In your example, what orchestra pit would not be separated from the audience? Every venue that I have worked in has had a sufficient barrier between the audience and the pit. Where the trick comes in is between the stage and the orchestra pit. In many houses, you have a defined barrier being a distance between the pit and the acceptable working area being approximately six feet. In small houses where there would not be that distance available, most designers would have the floor of the orchestra pit at a difference of height to that of the stage be less than six feet, thus negating the OSHA requirement of a barrier or other methods of fall protection. While working in the theater and the six foot area may be breached, such as during a load-in or strike, every company that I have worked for has policy to reinforce that deliniation with a warning barrier (rope with flags or some other visual/physical means) and with proper training to prevent anyone from exceeding that limitation. 
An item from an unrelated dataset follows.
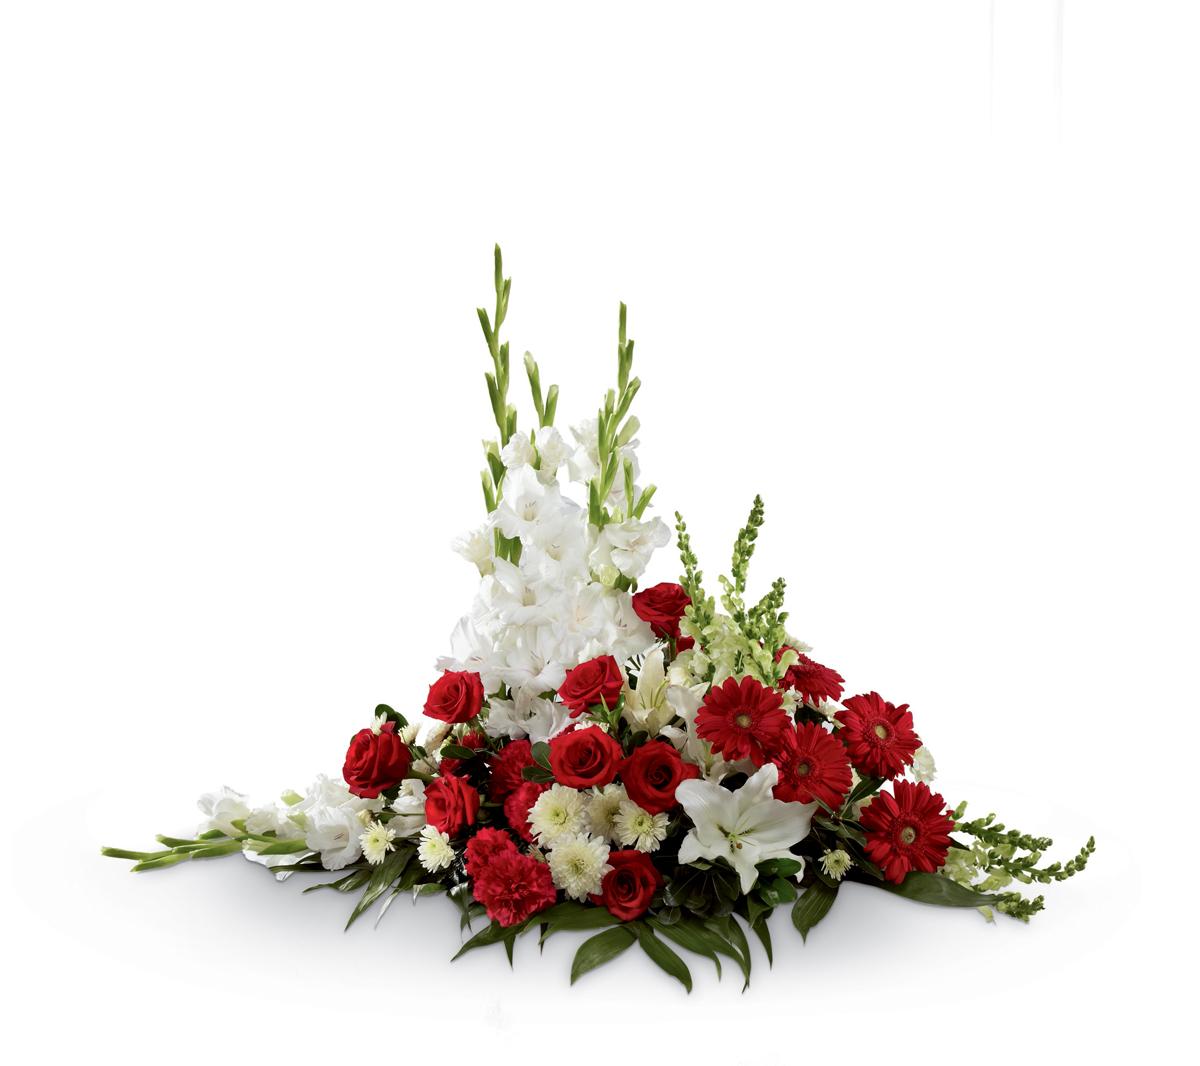 The Ftd Crimson White Arrang Altamonte Springs Fl Florist

Trust me, OSHA does apply to any and all industry in the United States where there are employed individuals. since we have many instances in our industry that apply in the grey area between the General Industry standards and the Construction standards, most OSHA inspectors will look at the industry adopted standards which is the reason why organizations like USITT and ESTA work at creating and submitting these to ANSI. At that point, precedent can be set in the court systems allowing for how incidents of property damage, injury, or death can be resolved. You will not, however, see acceptable standards for doing common practices such as pushing a single man lift along the stage in the erect position or with anyone in the basket. That is why in the article I posted, the opera was fined so heavily. Of course, states with their own occupational safety and heath regulations may work in a slightly different manner.


----------